Start by inspecting:

* `apps/web/src/components/workspace-realtime-provider.tsx`;
* `apps/web/src/lib/events/workspace-events.ts`;
* `apps/web/src/lib/workspace-settings/read-models.ts`;
* `apps/web/src/lib/workspace-settings/request-dedupe.ts`;
* Members, Teams, Integrations settings clients;
* routes that publish `member.changed`, `integration.changed`, or app/run events.

### Read-side mutation loop

Treat any write from a GET/read path as suspicious. A read path that repairs
membership, ensures a default team, upserts metadata, or publishes invalidation
events can create this loop:

```
read → publish event → mounted client refetches → read → publish event
```

Fix by making ensure paths idempotent and publishing only after a real insert,
update, delete, or status transition.

### Whole-app stall

If `/api/health` probes time out, do not focus only on the UI page that was
visible. Check request volume, auth latency, CPU throttling, memory pressure,
and event-loop saturation. A later low `kubectl top pods` sample does not
disprove a short earlier stall.

### Stream attach delay

Start with:

* `docs/streaming.mdx`;
* `apps/web/src/components/app-chat.tsx`;
* `apps/web/src/app/api/workspaces/[workspaceId]/apps/[appId]/runs/[runId]/chat/stream/route.ts`;
* `apps/web/src/lib/streams/run-replay.ts`.

Check whether the run was already `streaming`, whether `activeStreamId` existed,
whether the attach path waited for readiness, and whether replay or resumable
stream was used.

## Capacity checks

Kubernetes node autoscaling is not pod autoscaling.
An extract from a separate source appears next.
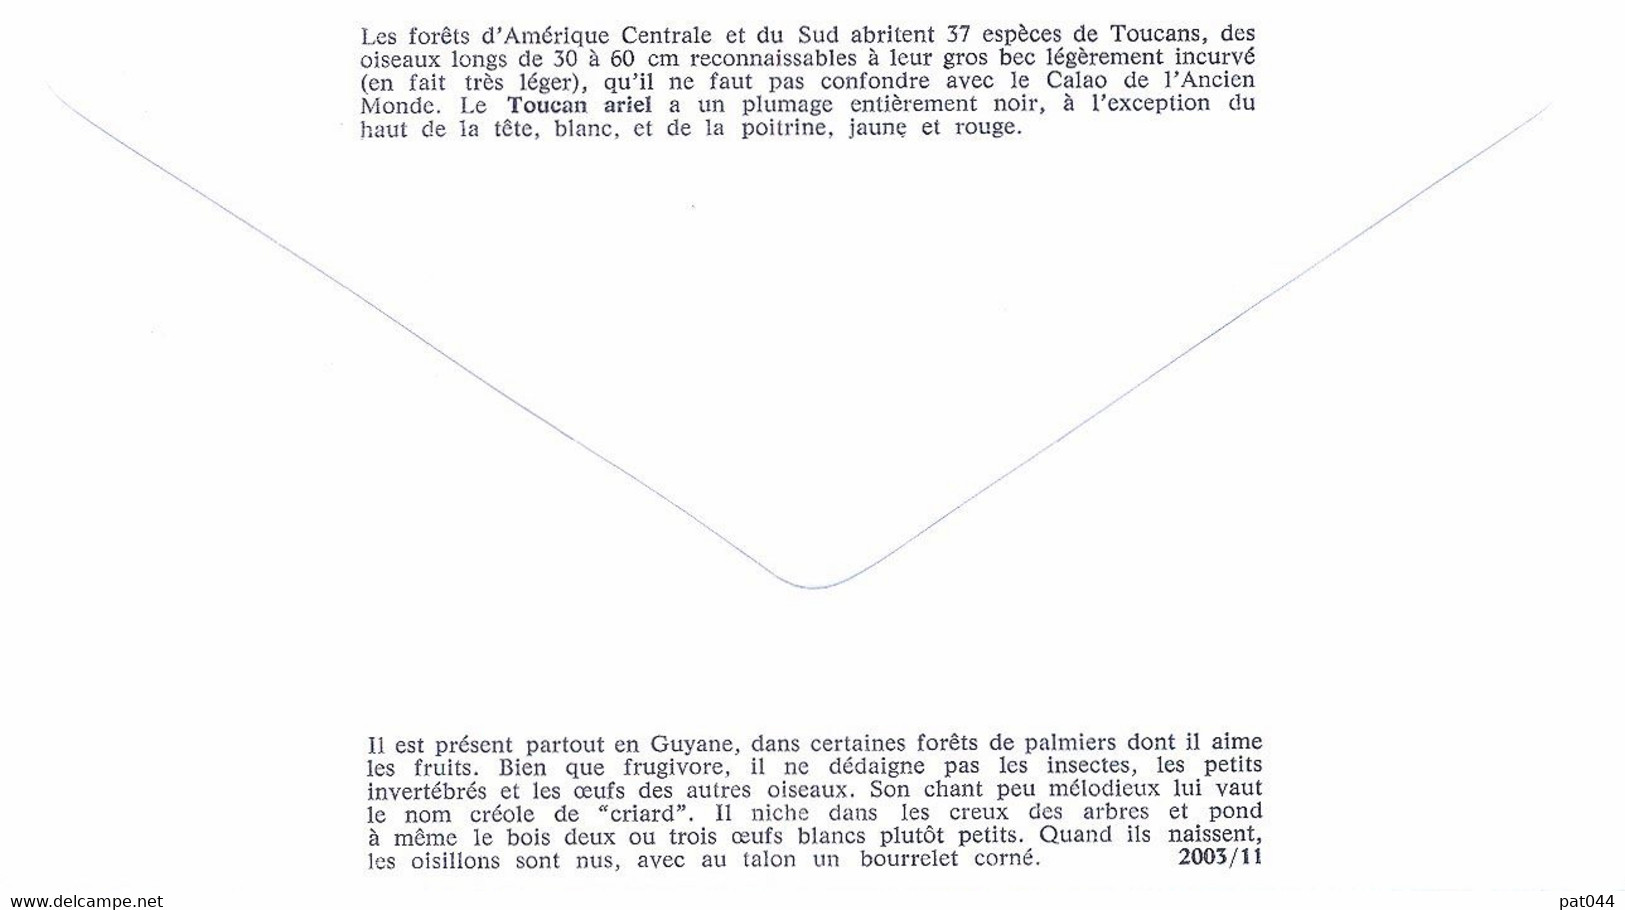 Enveloppe 1er Jour Toucan Ariel, Oiseaux D'outre-mer 2003 (YT 3549) - 2000-2009
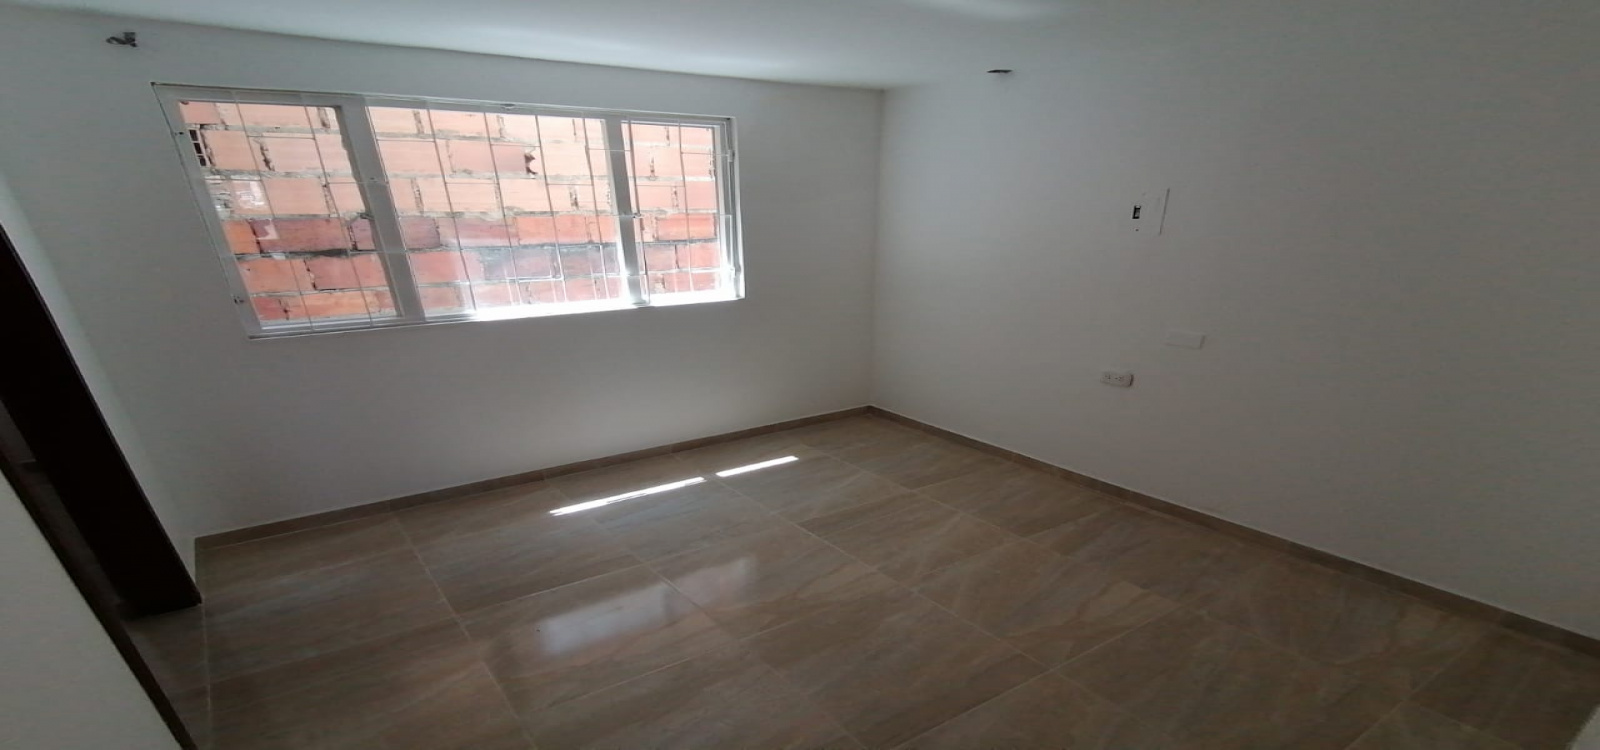 38B- 29 SUR 2, Bogotá, Sur, Guacamayas, 3 Habitaciones Habitaciones,2 BathroomsBathrooms,Apartamentos,Arriendo,2,3120

Check whether more pods can exist:

```bash theme={null}
kubectl get deploy second -o jsonpath='{.spec.replicas}{"\n"}'
kubectl get hpa
kubectl describe deploy second
```

Managed GKE Autopilot can add nodes for schedulable pod requests, but it will
not create more web pods without replicas or an autoscaling policy. A single web
pod can still become the bottleneck under request amplification or many active
streams.

Worker scaling needs separate thought because active SDK sessions and workspace
files live in worker memory/filesystem while durable state is saved through web
and MongoDB.

## What to record

When the issue teaches a durable lesson, update the active plan or docs with:

* what the user observed;
* the exact time window checked;
* pod health and resource state;
* request counts by route;
* slow request breakdown by request ID;
* what was ruled out;
* the likely root cause;
* the code or infra change;
* the exact staging validation that should prove the fix.